Juan Andrés Guerrero-Saade, a senior security expert at the cybersecurity company Kaspersky Lab.

Choppy seas

“The choppy seas we foresaw in 2015 are likely to get choppier in 2016 … We forecast Japan GDP growth to slow further to 5.7 per cent in 2016. That would be its slowest pace since 1998, heightening the already non-trivial risk of credit crunches.”

Nomura’s chief economist for Asia ex-Japan Rob Subbaraman and his team weigh in on Asia

Stronger but not strong

“The world economy next year is shaping up to be stronger than in 2015 and roughly in line with long-term growth averages, according to the IMF and economists surveyed by Bloomberg. But “a return to robust and synchronised global expansion remains elusive”, the fund said in its October outlook.”

From Bloomberg Businessweek’s cover story on the year ahead

It will all work out


From that same Bloomberg story, Adair Turner, former chairman of the UK Financial Services Authority, boils the 2016 outlook down to its essence

Up and down year for oil

“Crude oil will trade both below $30 a barrel and above $60 in 2016.”

“Logic and momentum suggest the first part of this bet is a no-brainer, with both Brent and WTI crude already having tested below $35 a barrel. The second part relies on history repeating itself insofar as when the bottom is reached, the rebound tends to be rapid.”

Clyde Russell, Reuters commodities columnist

US bound for recession

“A repeat of 2008-9. Oil climbs back to $150 and US enters recession and its banking system is once again on the brink of a collapse.”

Srinivasan Iyer, assistant business editor, The National

Bitcoin is back

The price of bitcoin could rise by 50 per cent next year from where it is now, it hit $500 in November, when the mining reward is halved – it is designed to be halved roughly every four years, to keep a lid on inflation, according to Daniel Masters, co-founder of Jersey-based Global Advisors’ multimillion dollar bitcoin hedge fund. “If Opec came out tomorrow and said, ‘in six months’ time we’re going to halve oil production’, the oil price would instantaneously react. But the bitcoin market is still in its infancy, and I don’t think that factor is discounted into the price fully,” he told Reuters in December.

Stay with equities

“While the new year tends to be a popular time to make changes, we believe that current economic climate will remain unchanged during Q1 2016, which supports our view that portfolios should continue to focus more on equities and away from the overpriced bond market.”

Commenting on its Q1 2016 Compass report, Vic Malik, the head of Global Investments and Solutions for Mena at Barclays Wealth and Investment Management

US dollar volatility

“There are reasons for optimism and also caution as we look to the year ahead. Volatility on the dollar will increase for the first half of the year, as nearly all Fed meetings will be seen as ‘live’ for the possibility of a rate increase. Dealing with such interest rate policy uncertainty on the dollar is something the market has not had to consider for seven years.

“Investors will have to learn new skills to deal with this.
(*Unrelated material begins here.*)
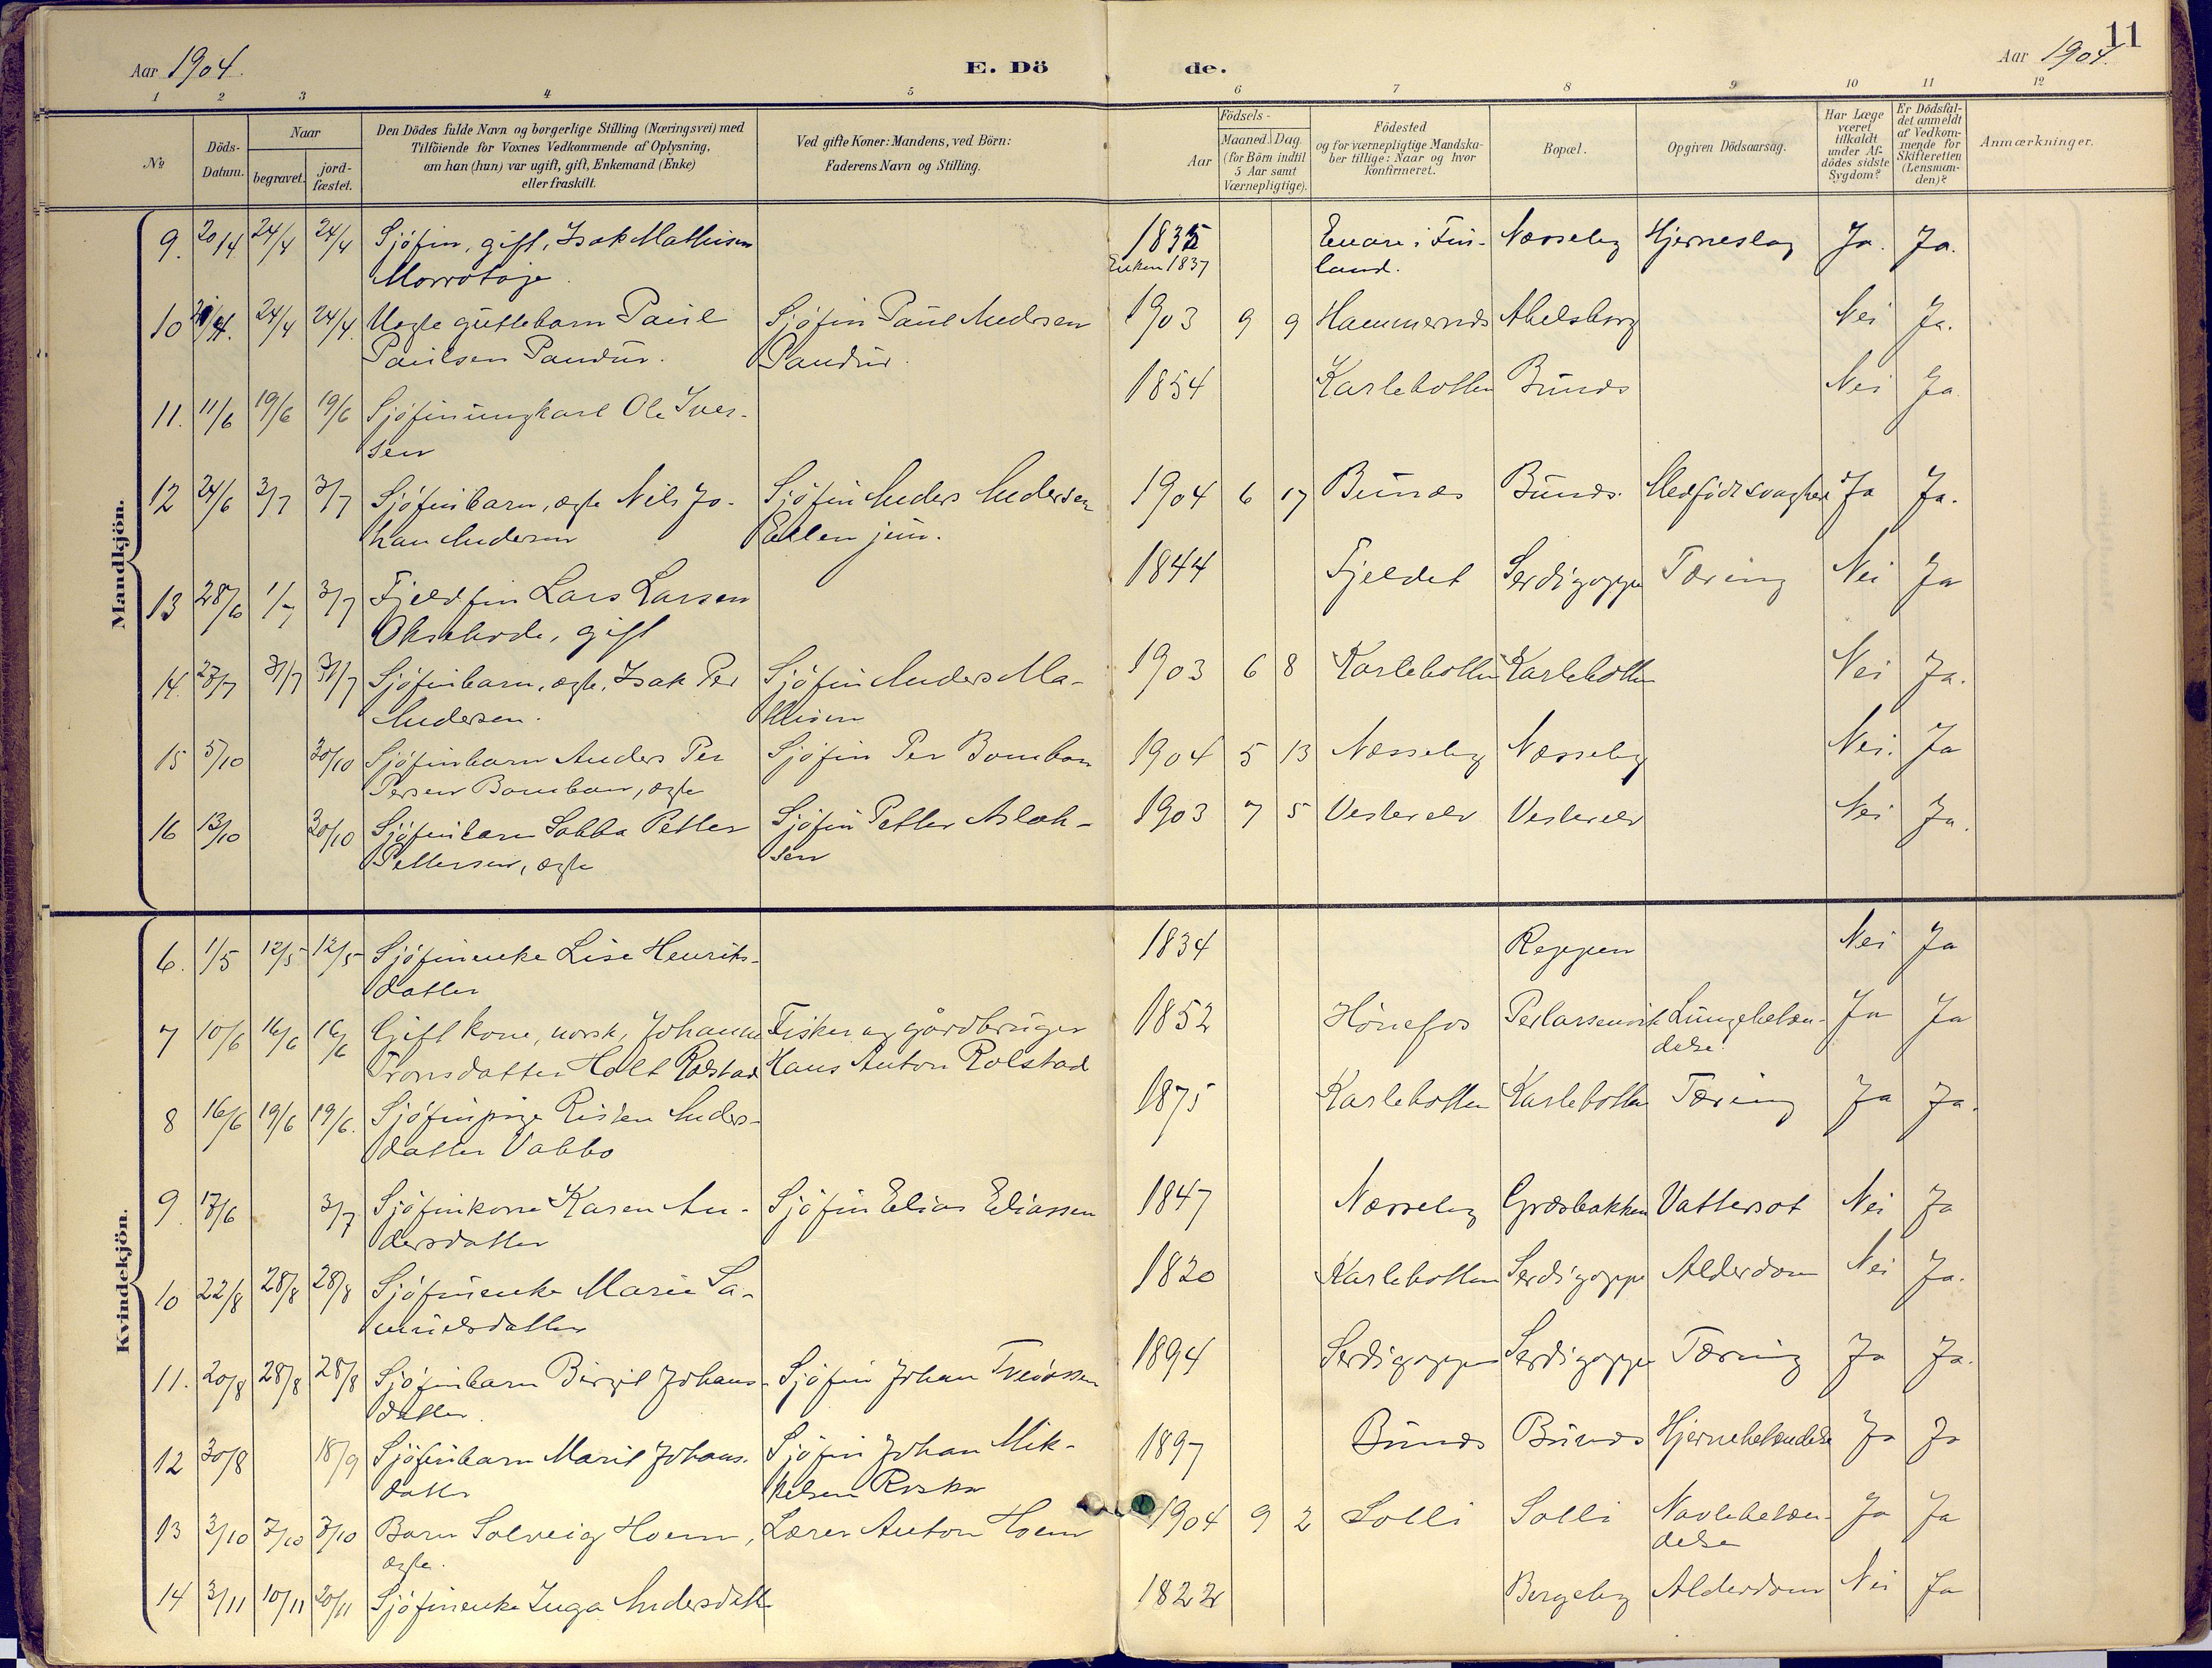 SATØ, Nesseby sokneprestkontor, H/Ha/L0007kirke: Ministerialbok nr. 7, 1898-1921, s. 11

It will be a good year for the dollar, but it won’t be a runaway year as the Fed will struggle to deliver the four interest rate increases the Federal Open Market Committee had in their projections.”

Simon Smith, the chief economist at FXPro

Wishful thinking

“After North Korean hackers obliterate the internet, the world’s newspapers enjoy profits on a scale not seen since Gutenberg was in little leather diapers. Raises, however, are not forthcoming.”